# Question about storing homemade ice cream



## rockvillemmf (Feb 19, 2004)

This is my first post here, so if the question has already been asked and answered, please direct me.

I have been making ice cream and sorbet on my electric maker for the last year, and have found that freezing the batch when done for about two hours gives it the right hardness and consistency. This seems to be the case with cream or milk based mixes as well as sorbets. At times, however, I can't time it so I can have make a batch and freeze it for just two hours. And, everytime I freeze it for over 3 hours or so, regardless of the ingredients, it winds up rock hard. Is there no way to avoid this? Am I stuck with timing the mix a couple hours before serving, or not serving it at all?

Any suggestions or comments are appreciated. Thanks--


----------



## carnivore (Feb 19, 2004)

hi rockvillemmf,
there are 2 different temps to keep in mind with ice cream--the storing temp and the serving temp.  You'll want to store the ice cream at around -5 deg. F, but serve it at about 10 deg. F.  When you only freeze it for a couple hours it hasn't fully frozen yet, which results in it being closer to the serving temperature.  And actually it's better to keep ice cream in the freezer at least 3-4 hours after making it.  so you'll need to let it thaw slightly before serving--i usually microwave it for about 7 seconds at a time until it reaches a good serving consistency.


----------



## kitchenelf (Feb 19, 2004)

I'm sorry I can't help you.  Hopefully someone will come along who can.


----------



## rockvillemmf (Feb 22, 2004)

*Good idea...*

Hi carnivore,

Your idea to microwave it is interesting, and I'll give that a try.  I had thought about leaving it out for a while, but that seemed like it would warm the ice cream from the outside first, but the microwave trick should help avoid that.
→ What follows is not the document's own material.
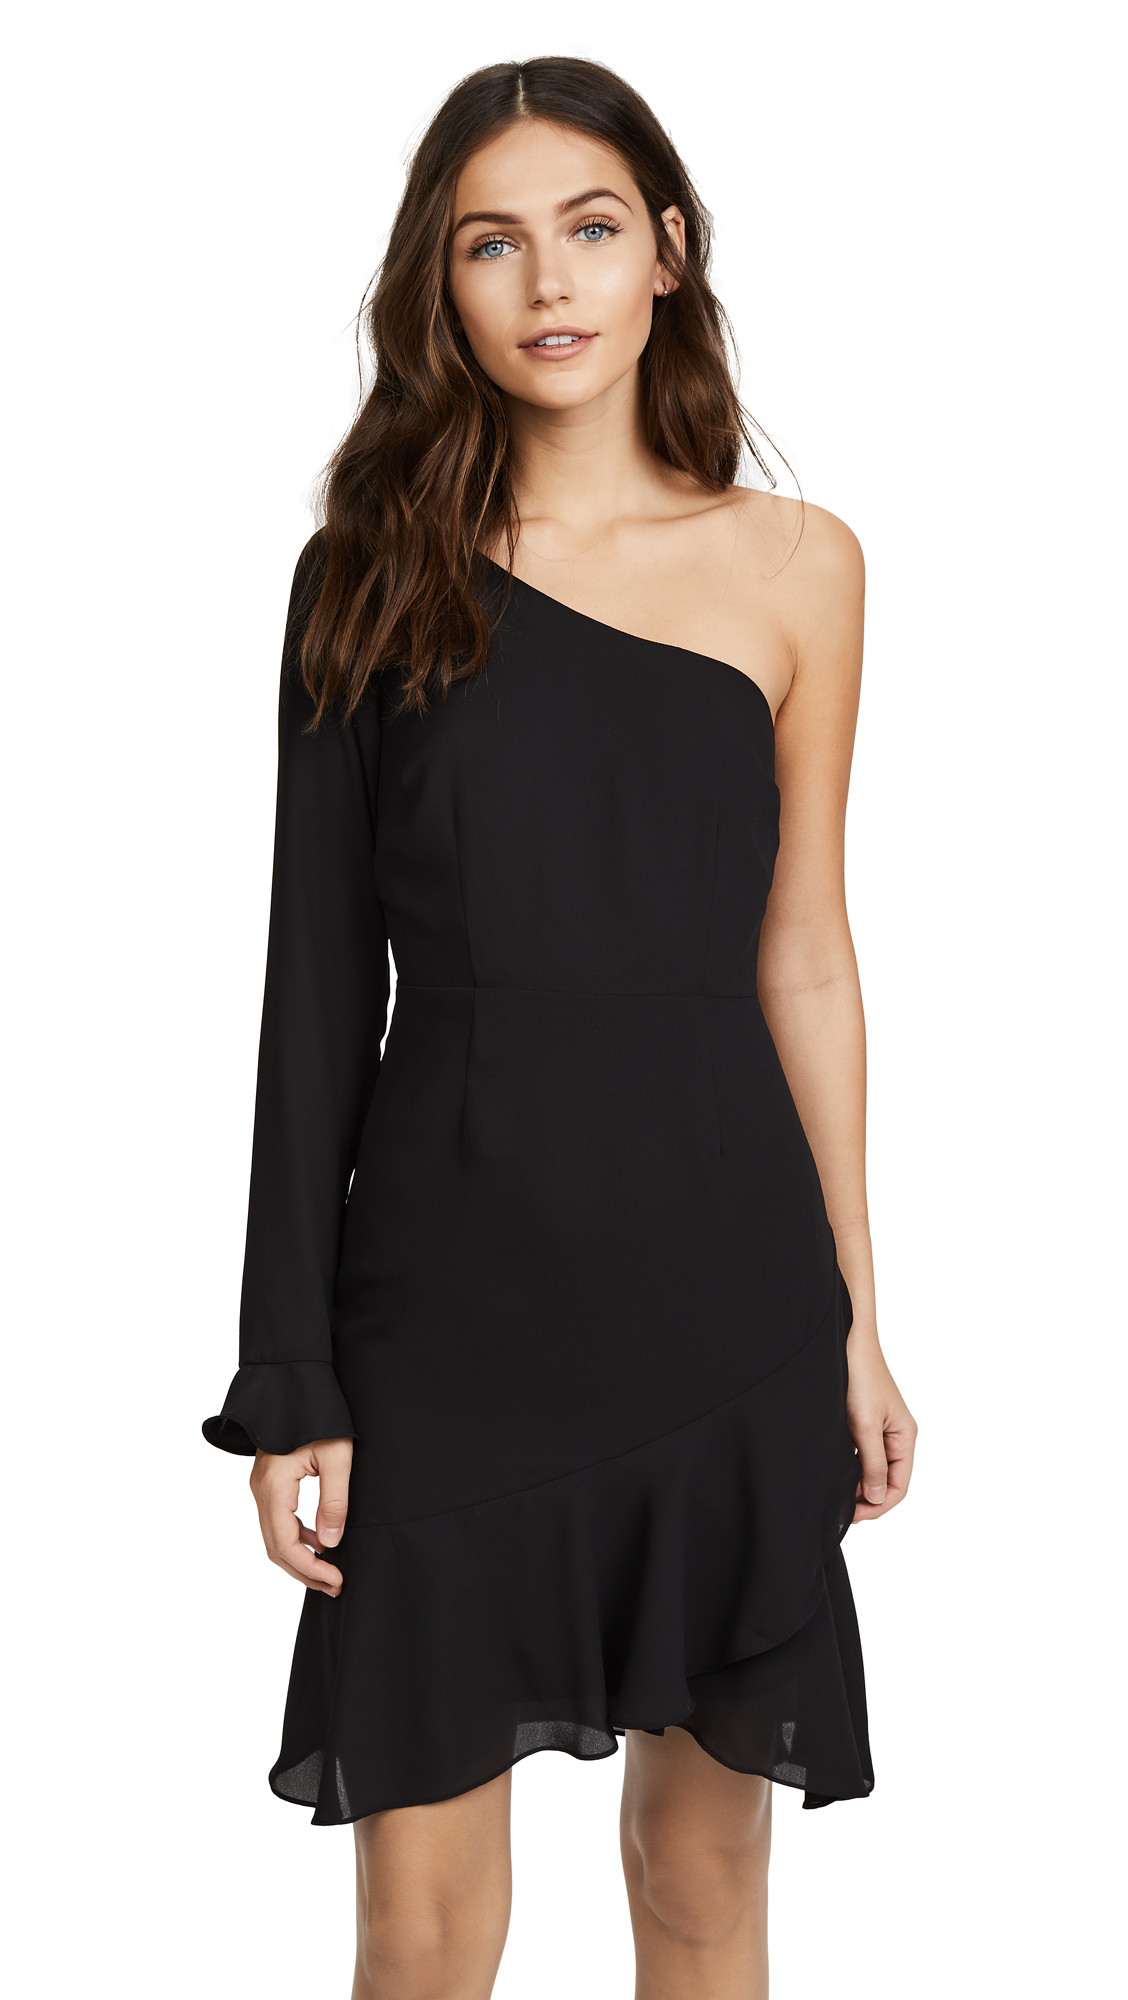 LIKELY Remington Dress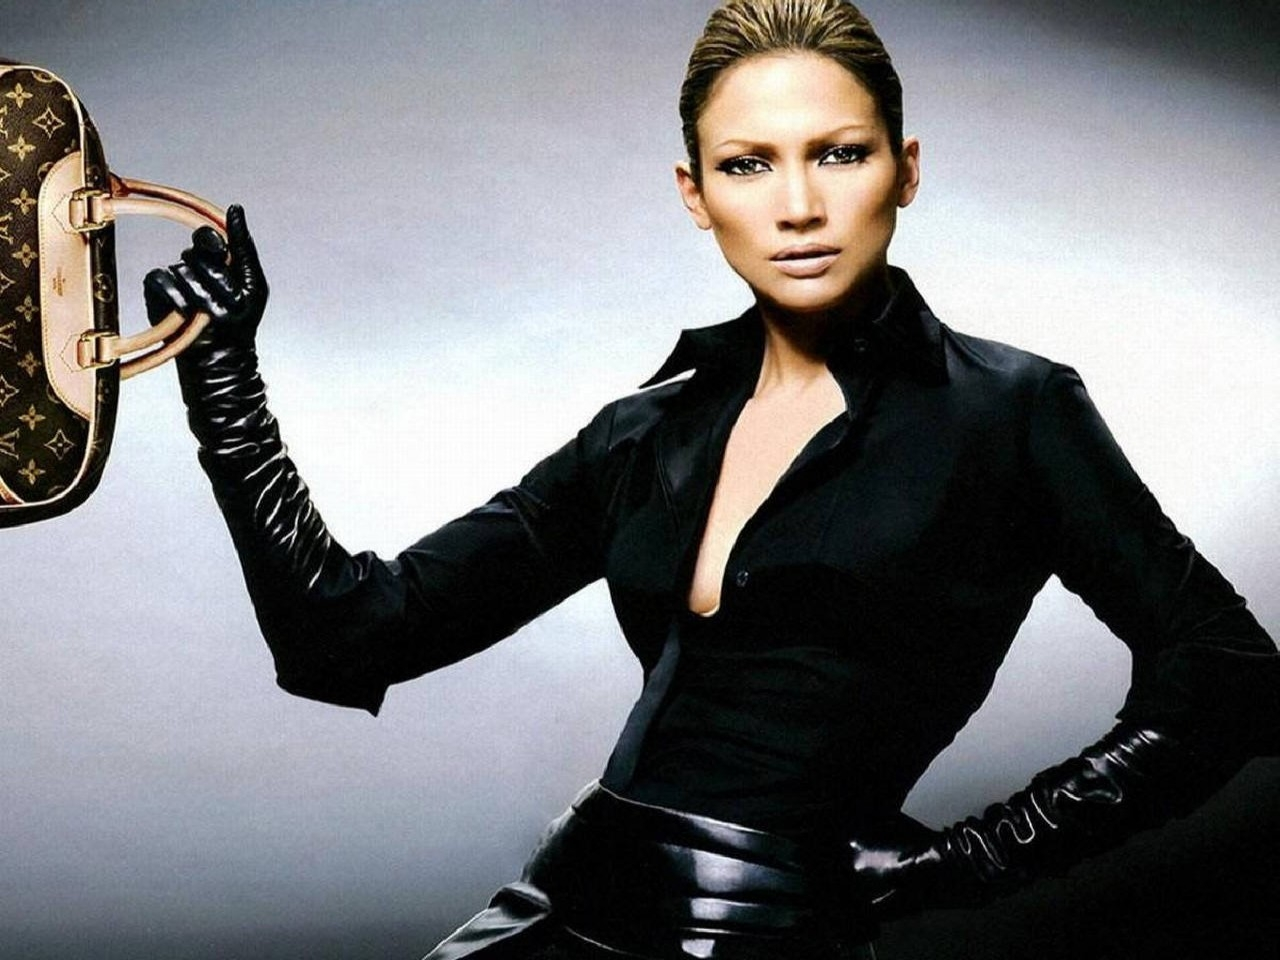 Wallpaper di una seducente Jennifer Lopez

Thanks for the suggestion--

rockvillemmf


----------



## kyles (Feb 22, 2004)

I've just started making home made ice cream. I tend to put in the freezer after making it. If I am organised, I get it out of the freezer a couple of hours before I want to serve it, and put it in the refridgerator. If you leave it on the kitchen counter, you will get the problem you wish to avoid.....starting to melt on the outside and staying hard on the inside. "Ripening" it in the fridge solves this problem.

If I am not organised I make like the carnivore and pop it in the microwave for 10 second blasts on medium/ half power.


----------